E all’insegna dell’omaggio a Luigi de Filippo scomparso il 31 marzo di quattro anni fa, il debutto al Parioli di Roma di Non è vero ma ci credo, una delle più celebri e divertenti commedie di Peppino de Filippo portata in scena da Leo Muscato, che ha ereditato la direzione artistica della storica compagnia.
Gli applausi calorosi del pubblico accompagnano alla fine dello spettacolo un breve filmato e una galleria di immagini con il ricordo commosso e sentito di Luigi De Filippo che aveva rilanciato proprio il Parioli assumendosene la direzione artistica.
Ma il vero omaggio sta proprio nello spettacolo, uno dei testi classici della commedia napoletana, che Muscato porta in scena affidando il ruolo del protagonista Gervasio Savastano a Enzo De Caro, popolare e amato volto televisivo.
Personaggio erede della commedia dell’arte, Gervasio è ossessionato dal denaro e dalla riuscita dei suoi affari che cerca di preservare in ogni modo. Schiavo consapevole della superstizione cerca di tenere lontano la sfortuna in affidandosi a una serie di risibili gestualità, di spergiuri e regole per proteggere la sua famiglia e la sua ricchezza tanto da sfiorare il ridicolo e rischiare di compromettere i suoi rapporti personali.
De Caro aderisce perfettamente al suo personaggio in qualche modo molièriano che ricorda tanto Arpagone, l’avaro: gli aderisce fisicamente e non solo, con una serie di riusciti ammiccamenti, incertezze, dubbi, ma anche nelle sue granitiche certezze sulla potenza della superstizione che lo rendono ridicolo e vittima di sé stesso collocandolo al centro di una serie di peripezie. Una bella prova d’attore per De Caro che centra il fulcro del personaggio e fa comicamente breccia nel cuore del pubblico.

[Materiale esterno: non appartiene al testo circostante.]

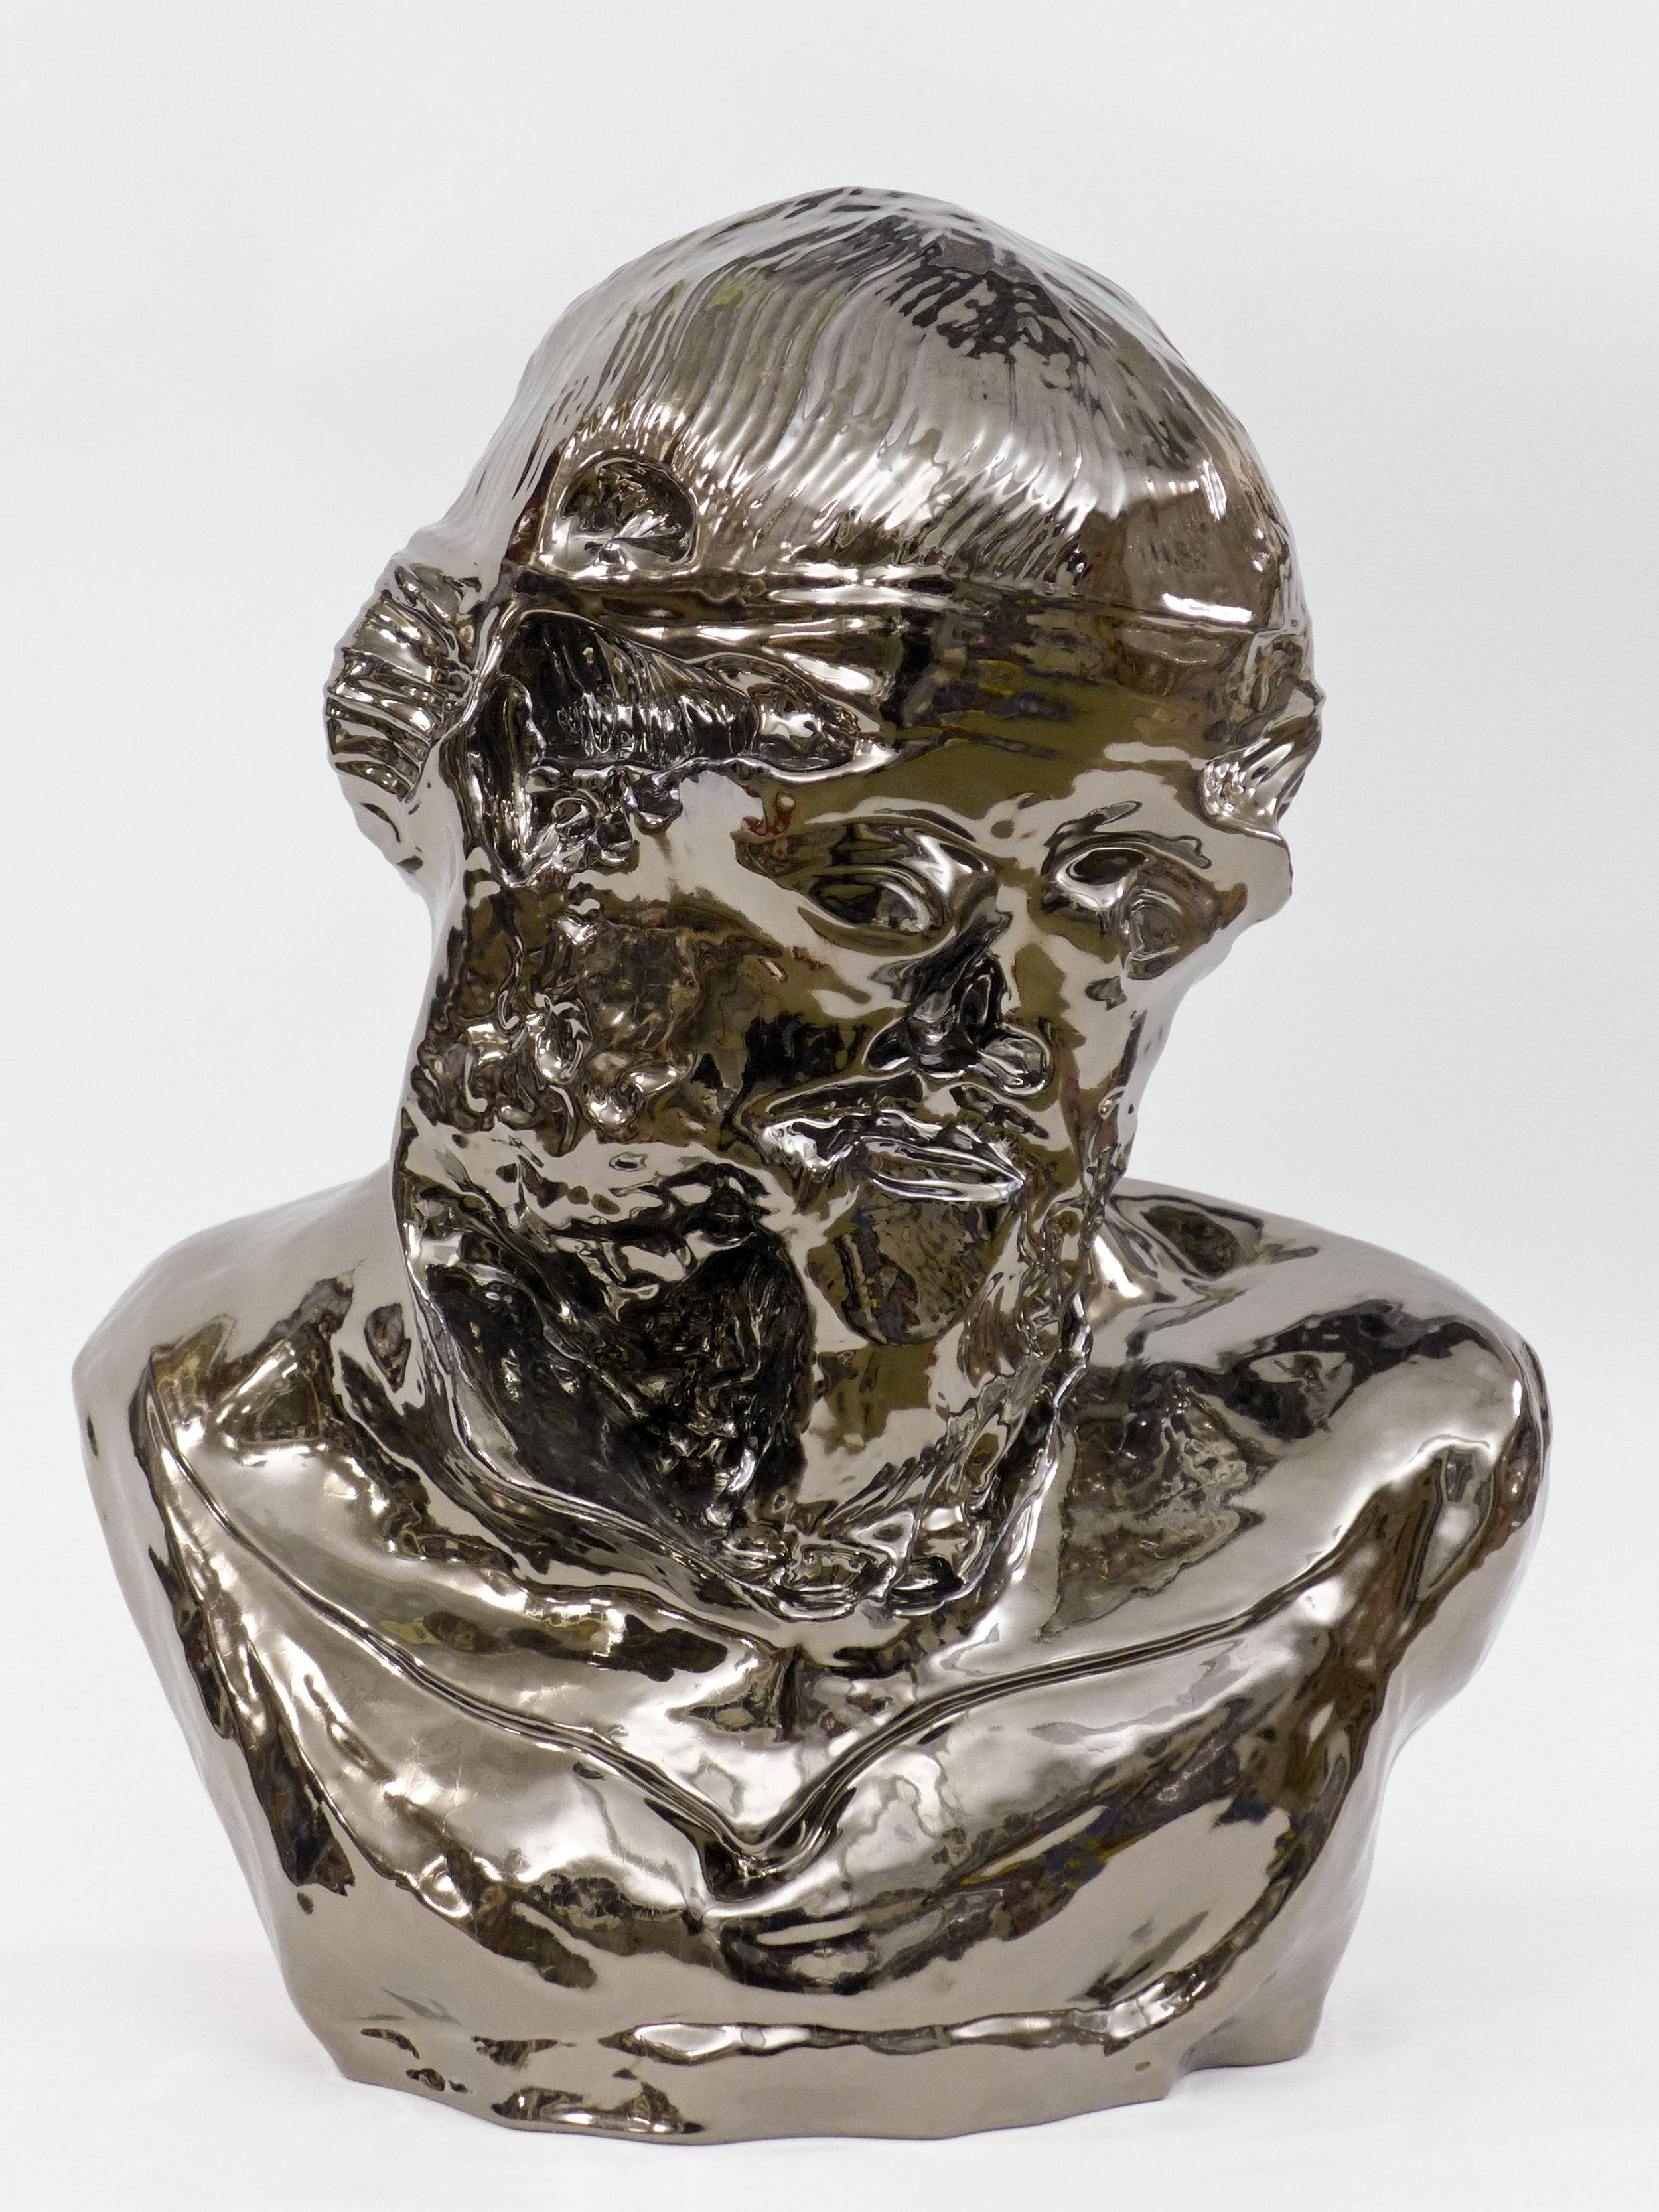 """Christian Gonzenbach, """"Notalp Suhcab"""" (Platon), de la série """"Hcabneznog"""", céramique émaillée au bronze, 54 x 46 x 27 cm"""

Intorno a De Caro la sempre ottima compagnia di Luigi De Filippo, composta da Francesca Ciardiello, Carlo Di Maio, Roberto Fiorentino, Massimo Pagano, Gina Perna, Giorgio Pinto, Ciro Ruoppo, Fabiana Russo, Ingrid Sansone, impegnati nel disegnare personaggi che gravitano intorno al personaggio principale travalicando il rischio di scivolare nelle macchiette. Le scene di Luigi Ferrigno richiamano gli interni borghesi con un quid di nostalgico anni Ottanta e di surreale con morbide nuvole che troneggiano sulla parte superiore delle scene, comico simbolo della superstizione che incombe su Gervasio. Nonostante la commedia non presenti la profondità intrinseca dei lavori di Eduardo, resta un lavoro estremamente attuale e divertente che Muscato mette in scena con intelligenza, regalando un buon ritmo in novanta minuti serrati di recitazione. Un testo messo in scena all’insegna della tradizione e del rispetto dei personaggi, ma anche dell’innovazione a cominciare dallo spostamento dell’ambientazione nella Napoli degli Anni Ottanta rispetto agli anni Cinquanta che ospitavano la versione di Luigi De Filippo.
Il risultato è estremamente gradevole con un effetto nostalgico e retrò che ben si lega ai miti della Napoli anni Ottanta, evocati nelle magliette del Napoli calcio e di Maradona, nel trucco delle donne o nelle acconciature, negli attenti costumi realizzati da Chicca Ruocco. Senza dimenticare neppure un accessorio anni Ottanta, vale a dire le buffissime lenti scure attaccate e perennemente alzate sugli occhiali da vista che Gervasio Savastano indossa per tutta la commedia, simbolo della sua ottusità e delle sue sciocche convinzioni tanto che li toglierà solo alla fine dello spettacolo rimuovendo fisicamente la superstizione che lo ha perseguitato per tutta la vita.
In scena fino 10 aprile a Roma. Info e dettagli su www.ilparioli.it.